AlphaGenome does not give the exact same output when the same input is repeatedly fed through the model. I propose measuring these slight differences to test if the distribution of outputs can be mapped to the demographic distribution of the datasets used to train AlphaGenome. If true for humans and mice, this would mean AlphaGenome has inadvertently (or purposely?) characterized the exact epigenetic changes that occur in people and mice as they age down to the base-pair resolution.

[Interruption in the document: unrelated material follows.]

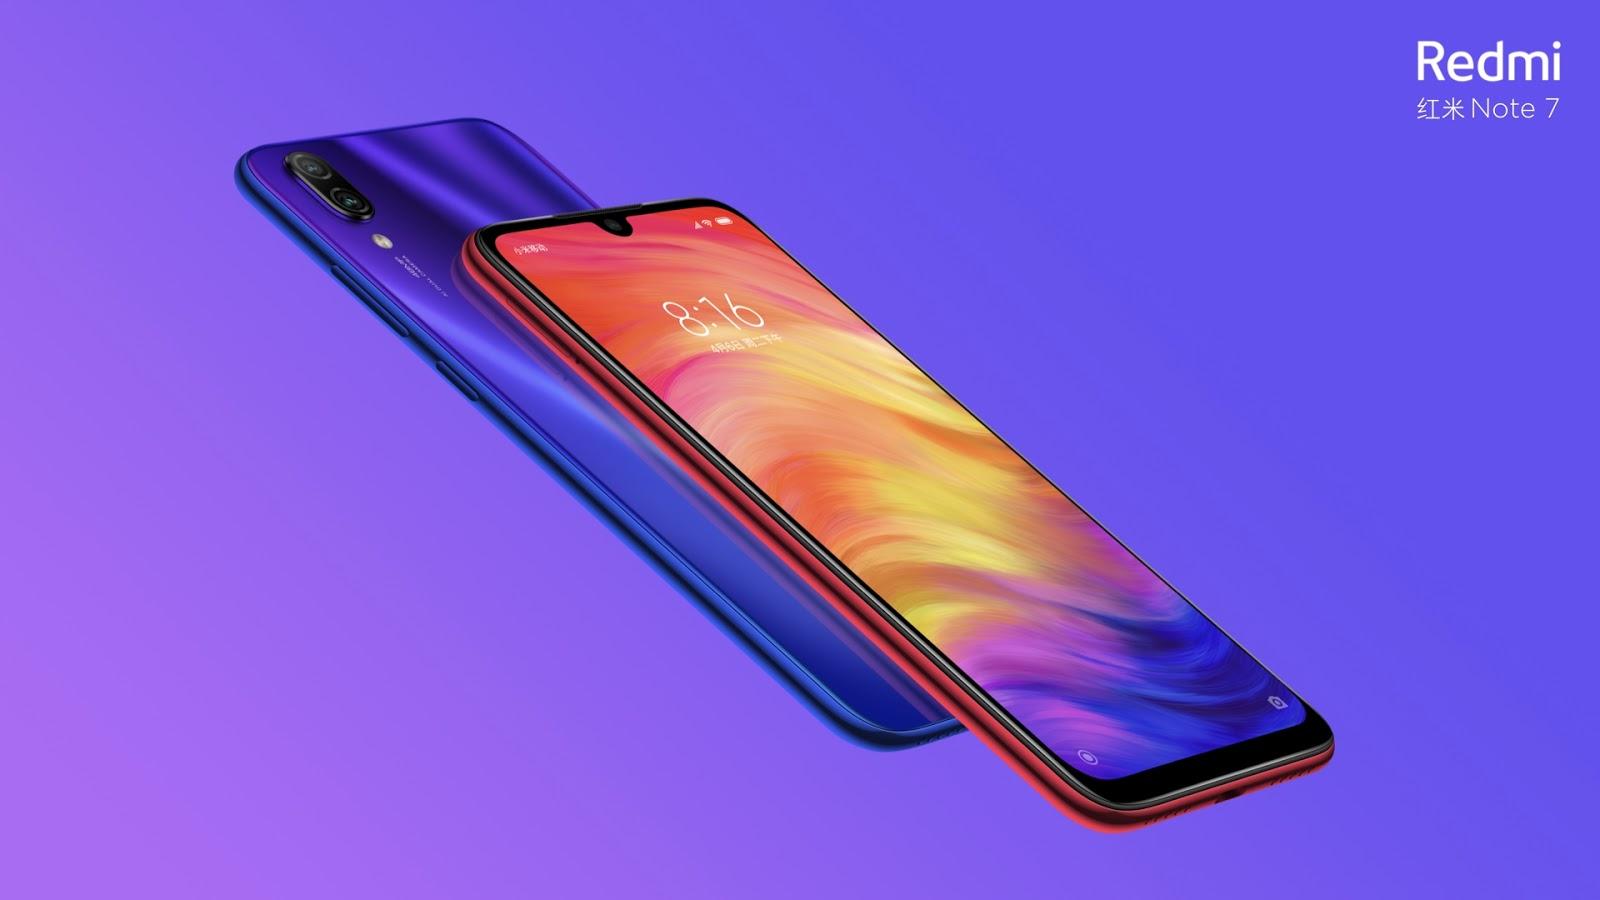 Xiaomi Redmi Note 7 launched in China, Pocophone F1 software
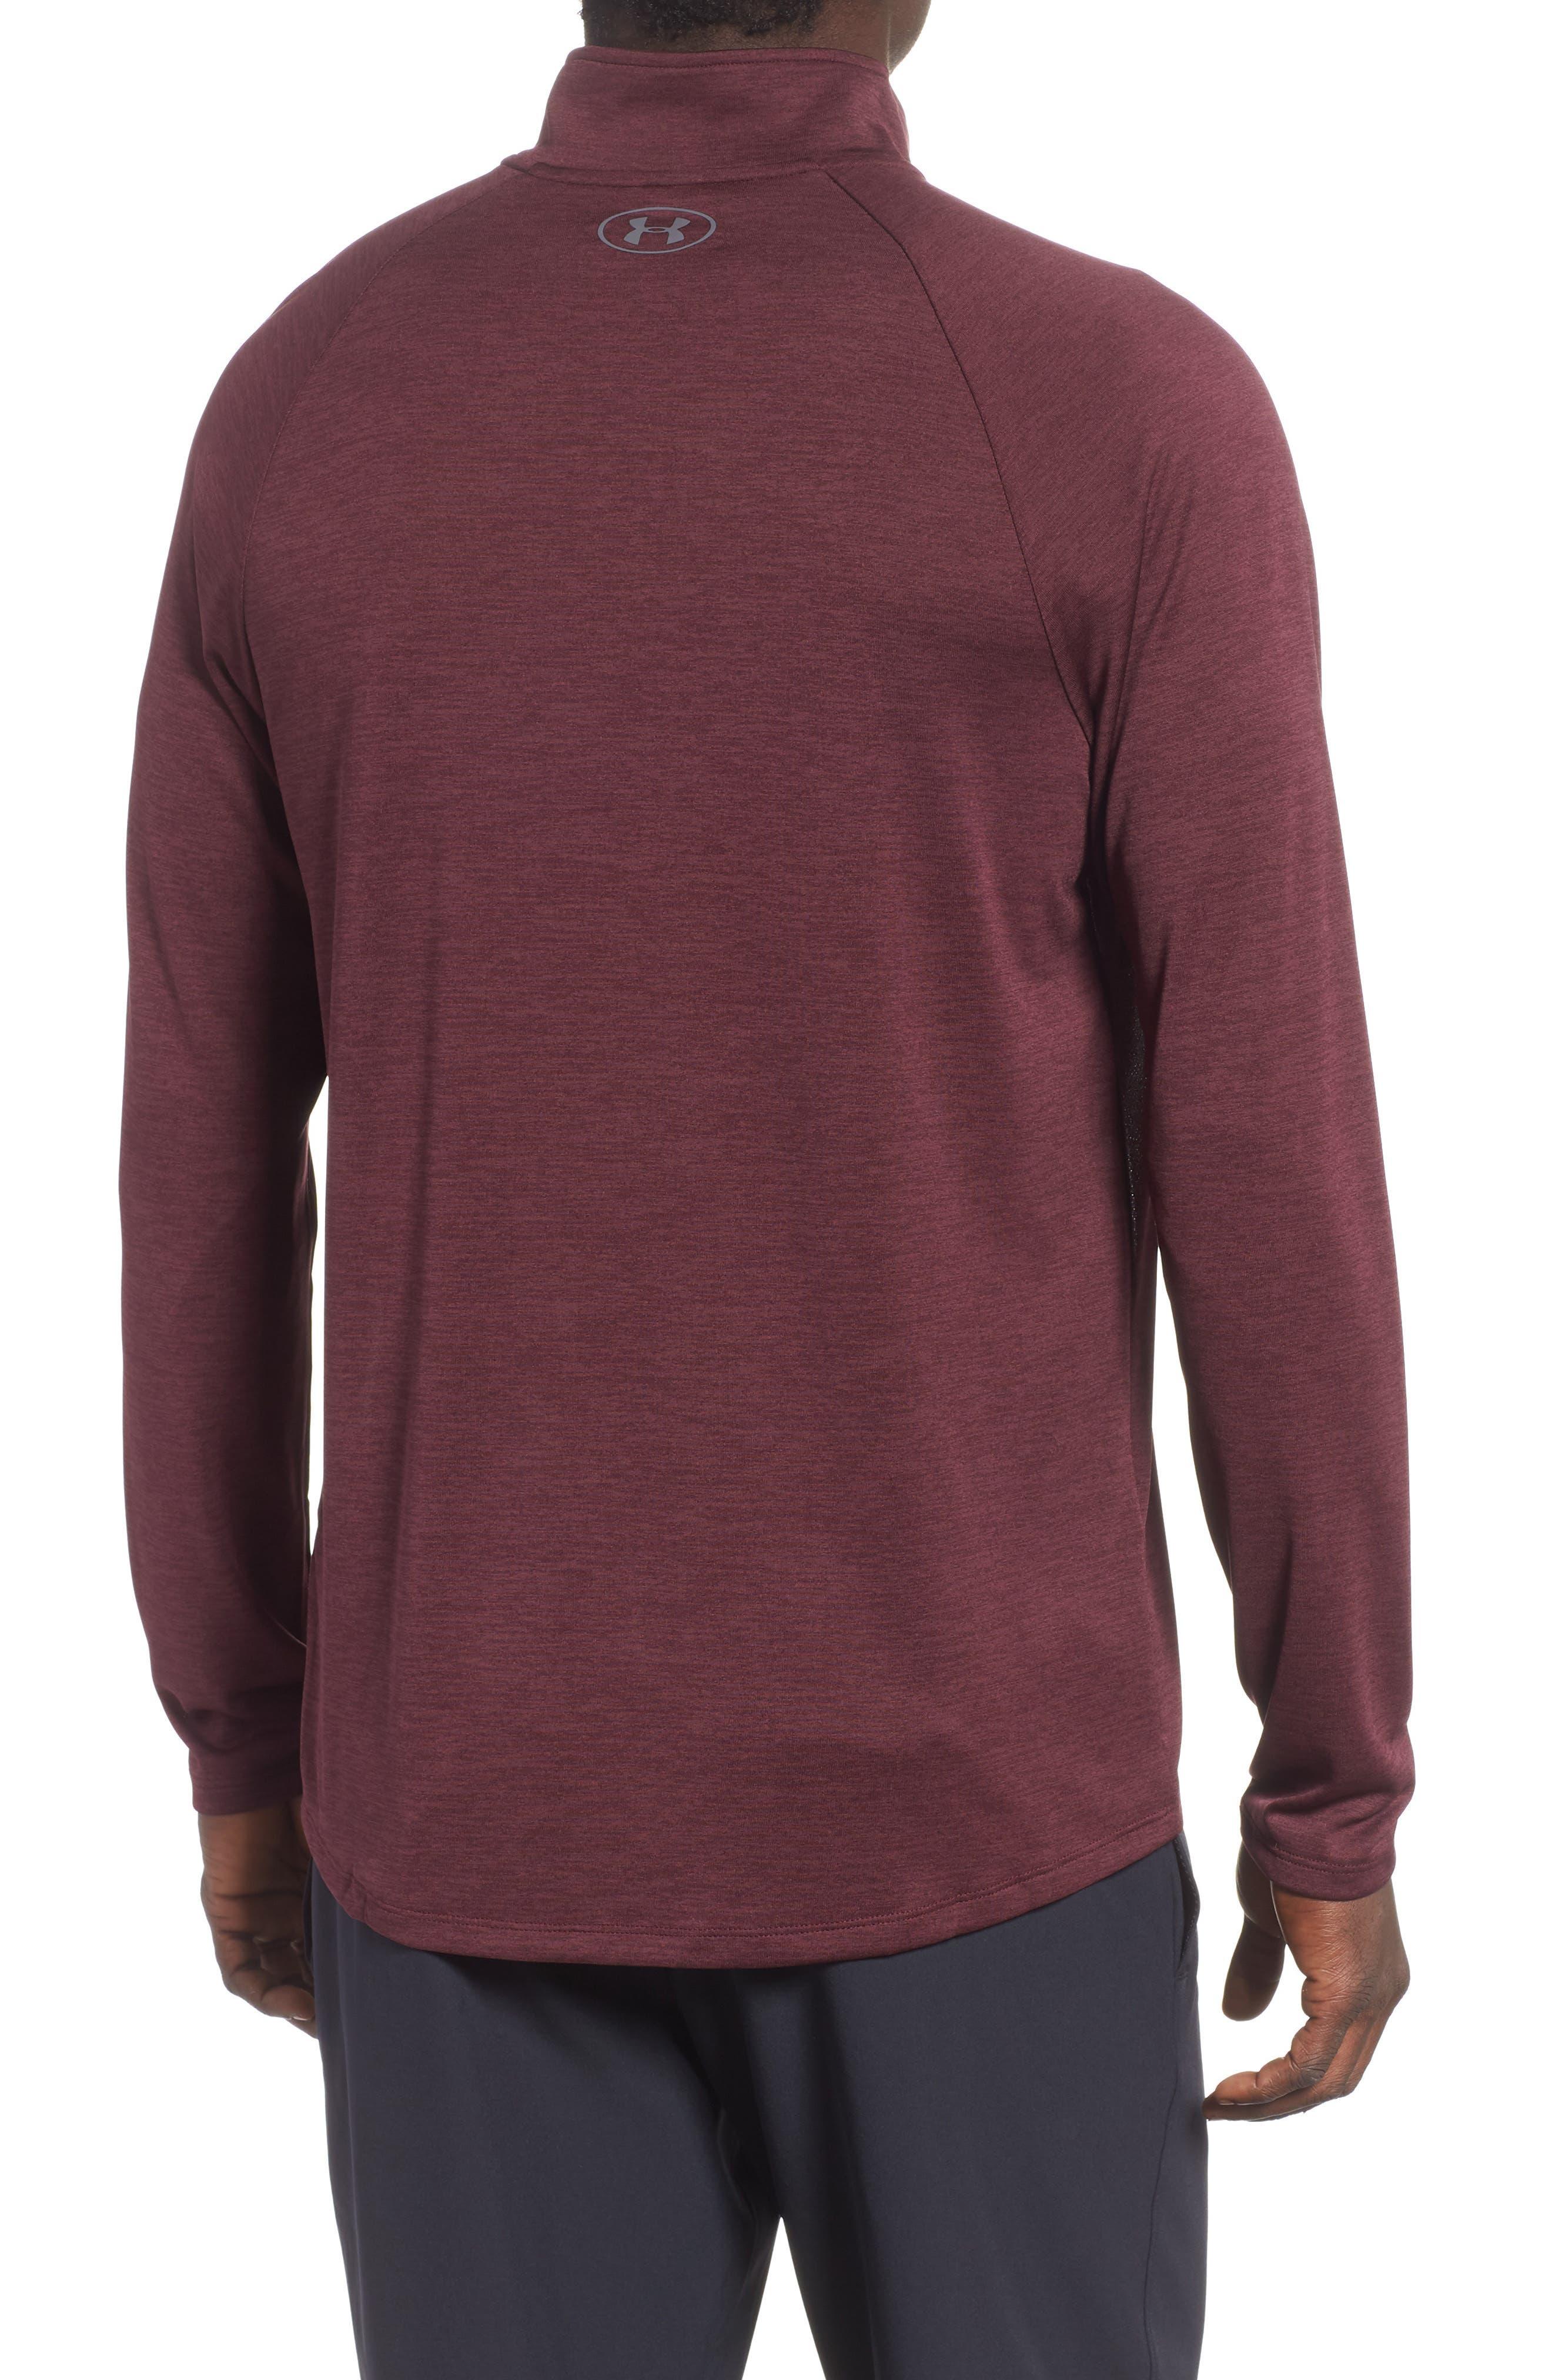 UNDER ARMOUR,                             Tech Half Zip Sweatshirt,                             Alternate thumbnail 2, color,                             600

Proper verification would require running AlphaGenome enough times, across enough of each species’ genome, in enough tissues to match the size of the datasets while accounting for the different likelihoods of each age submitting different types of tissue samples (everyone sends blood, but not many teens get biopsies during colonoscopies). While GTEx and FANTOMS are already formatted for accessing age and sex, age data could theoretically be gotten for ENCODE and 4D Nucleome by tracing back tissue sample sources. Initial verification would be done on blood—because it has the most data from all kinds of ages—to see if AlphaGenome’s most common outputs match the known epigenomes of the most common blood donors (males over thirty). If this is true, larger-scale studies have reason to gather funding.
Creating a comprehensive map of the human epigenome as it ages means development can begin on identifying the protein-coding and non-coding genes that cause predicted histone modifications or how to “open” and “close” chromatin. Additionally, AlphaGenome’s strength in predicting differences across tissue types means age-related treatments can start as tissue-specific modifications, for example, practicing rejuvenating skin before editing cardiac muscle. This could be done using AlphaGenome’s core functionality of predicting disease-causing mutations by finding which mutations result in the same epigenetic changes found in the elderly.